The earlier publish required computing
After writing the publish, I thought of how you’d mentally approximate log2 5. Essentially the most crude approximation would spherical 5 all the way down to 4 and use log2 4 = 2 to approximate log2 5. That might be ok for an order of magnitude guess, however we will do a lot better with out an excessive amount of extra work.
Easy approximation
I’ve written earlier than in regards to the approximation
for x between 1/√2 and √2. We will write 5 as 4 (5/4) and so
How correct is that this?
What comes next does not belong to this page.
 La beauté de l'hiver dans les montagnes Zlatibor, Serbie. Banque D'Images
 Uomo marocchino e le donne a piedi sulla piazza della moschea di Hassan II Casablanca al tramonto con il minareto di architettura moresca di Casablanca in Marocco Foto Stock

The precise worth of log2 5 is 2.3219…. Approximating this quantity by 7/3 is a lot better than approximating it by simply 2, lowering the relative error from 16% all the way down to 0.5%.
Origin story
The place did the approximation
come from?
I don’t bear in mind the place I discovered it. I wouldn’t be stunned if it was from one thing Ron Doerfler wrote. However how would possibly somebody have derived it?
You’d like an approximation that works on the interval from 1/√2 to √2 as a result of you possibly can at all times multiply or divide by an influence of two to scale back the issue to this interval. Rational approximations are the same old solution to approximate capabilities over an interval [1], and for psychological calculation you’d wish to use the bottom order doable, i.e. diploma 1 within the numerator and denominator.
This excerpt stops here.